Dementia with Lewy bodies is not an easy condition to diagnose, making it difficult to treat in a timely fashion. New research measuring brain volume may be the key to recognizing this disease early on and starting medication earlier.
DLB accounts for around 10-15 percent of all dementia cases.
Some of these symptoms are shared with Alzheimer’s and Parkinson’s diseases; however, the treatments for DLB and Alzheimer’s differ, and the earlier a diagnosis is reached, the more effective the treatment will be.
Identifying patients with mild cognitive impairments who are at risk of developing DLB is vital for effective early interventions.
DLB is characterized by a buildup of Lewy bodies – protein deposits – in the brain. Lewy bodies also appear in other diseases, including Parkinson’s disease. Depending on where the Lewy bodies appear, symptoms vary.
If they arise in the base of the brain, they can create motor symptoms similar to Parkinson’s. When they appear in the outer layers of the brain, they produce cognitive symptoms, similar to Alzheimer’s. Diagnosing DLB is primarily a case of watching symptoms develop and gradually ruling out other, similar conditions; there are no reliable diagnostic tests.
Researchers from the Mayo Clinic in Rochester, MN, set out to investigate whether brain volume could be useful in diagnosing DLB at an earlier stage. Their findings are published this week in the journal Neurology.
“Being able to identify people who are at risk for dementia with Lewy bodies is important so they can receive the correct treatments early on. Early diagnosis also helps doctors know what drugs to avoid – up to 50 percent of people with dementia with Lewy bodies have severe reactions to antipsychotic drugs.”
Study author Dr. Kejal Kantarci
The research utilized 160 participants from the Mayo Clinic Alzheimer’s Disease Research Center. All of the individuals had mild cognitive impairments – a slight but measurable reduction in cognitive abilities. People with mild cognitive impairments are known to be at a greater risk of developing Alzheimer’s or other types of dementia.
Individuals with other neurological conditions, epilepsy, brain tumors, and substance abuse were excluded.
Each participant received an MRI scan at the start of the study and an average of two more annual scans. During the trial, 61 participants (38 percent) developed Alzheimer’s disease and 20 people (13 percent) progressed to probable DLB. It is referred to as “probable” because DLB can only be definitively diagnosed by an autopsy.
Specifically, the team examined the volume of the hippocampus, an area known to shrink in the lead up to Alzheimer’s.
Once the data were analyzed, patients with no measurable shrinkage were 5.8 times more likely to develop DLB when compared with those who did display hippocampal shrinkage.

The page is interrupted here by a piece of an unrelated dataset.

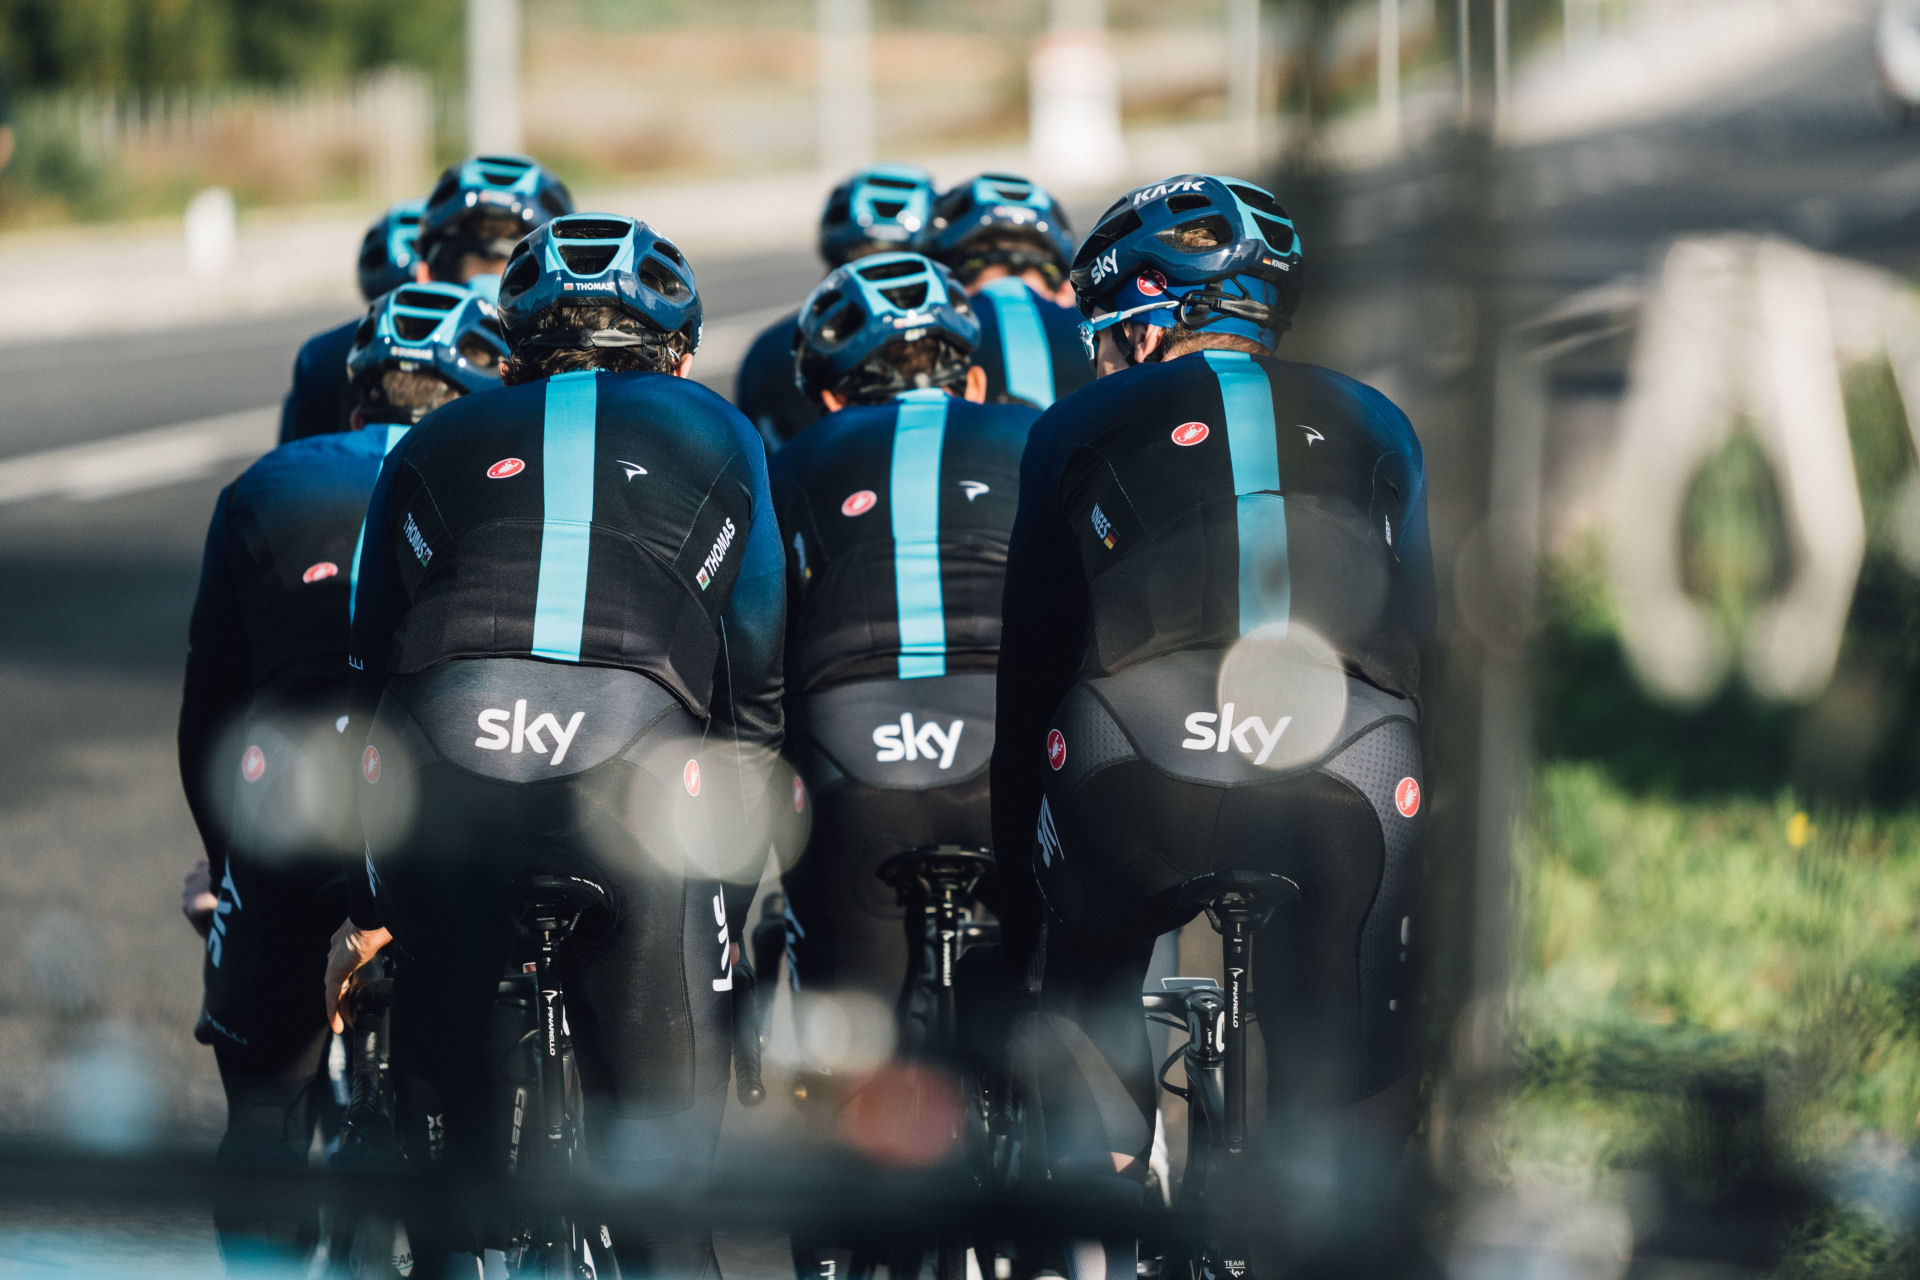 kolarze Team Sky na rowerach w czasie zgrupowania

Seventeen out of the 20 participants (85 percent) who developed DLB had normal hippocampus volumes. Conversely, 37 out of the 61 individuals (61 percent) who went on to develop Alzheimer’s disease did show shrinkage.

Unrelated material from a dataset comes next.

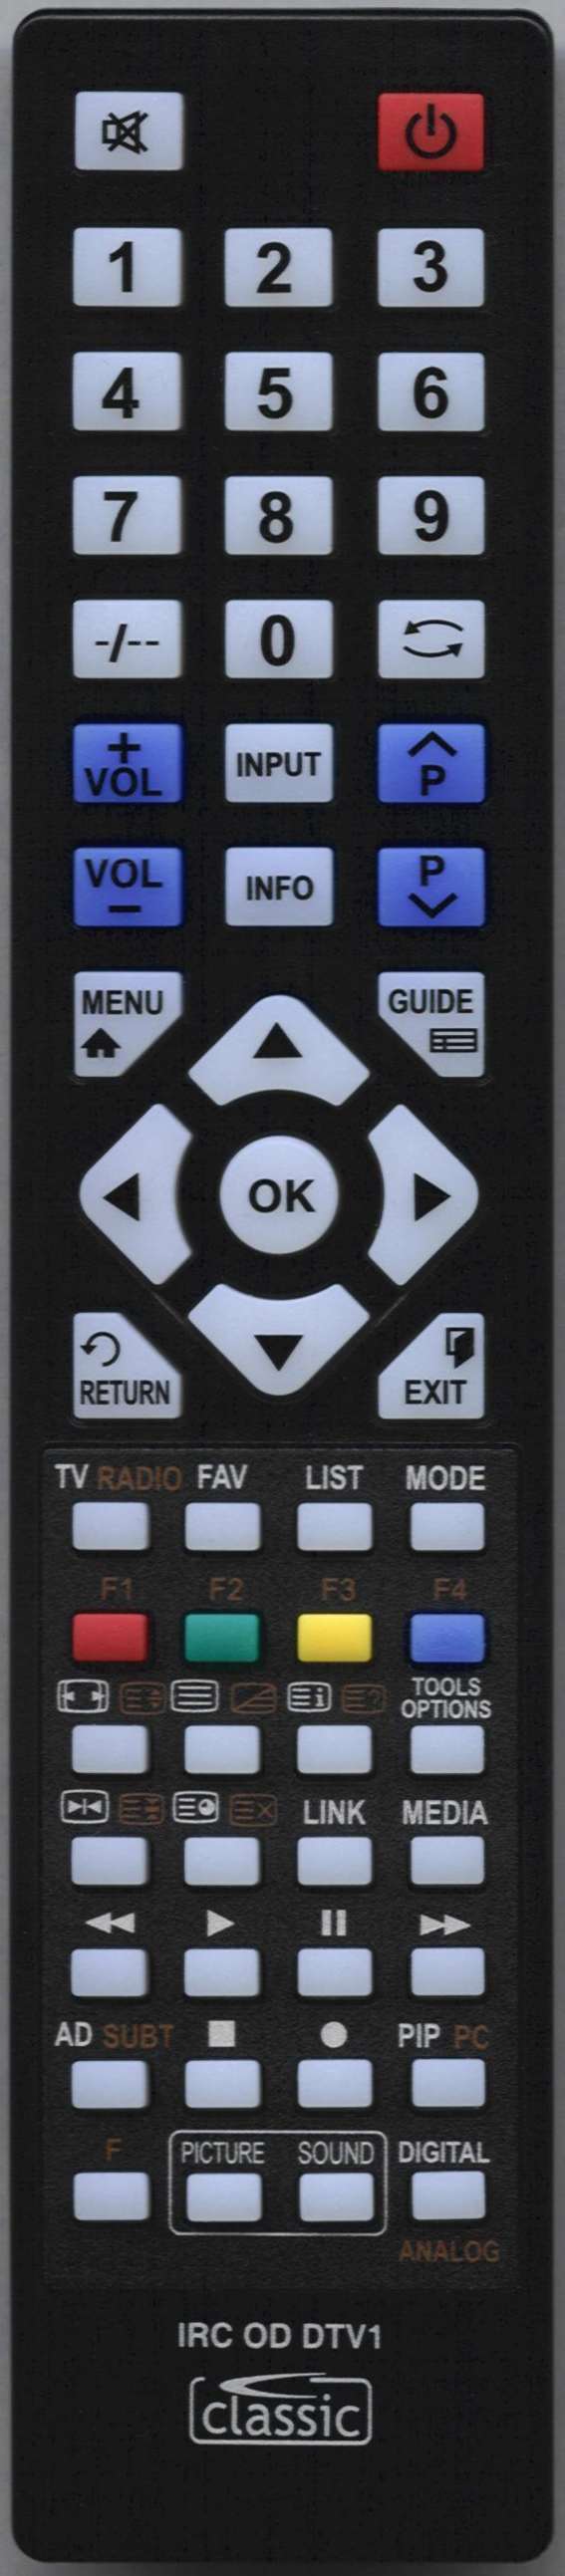 ORION 3130 108 21211 Remote Control Alternative

DLB does not always affect memory, so when the researchers only looked at the data from those whose cognitive deficits did not include memory problems, the results were even more pronounced. As the authors explain, “we demonstrated that those with preserved hippocampal volumes are at an increased risk for probable DLB.”
Although the study is on a relatively small scale, the results are encouraging. Dr. Kantarci hopes that the research will be duplicated and followed up with studies that include a postmortem autopsy to confirm DLB diagnoses.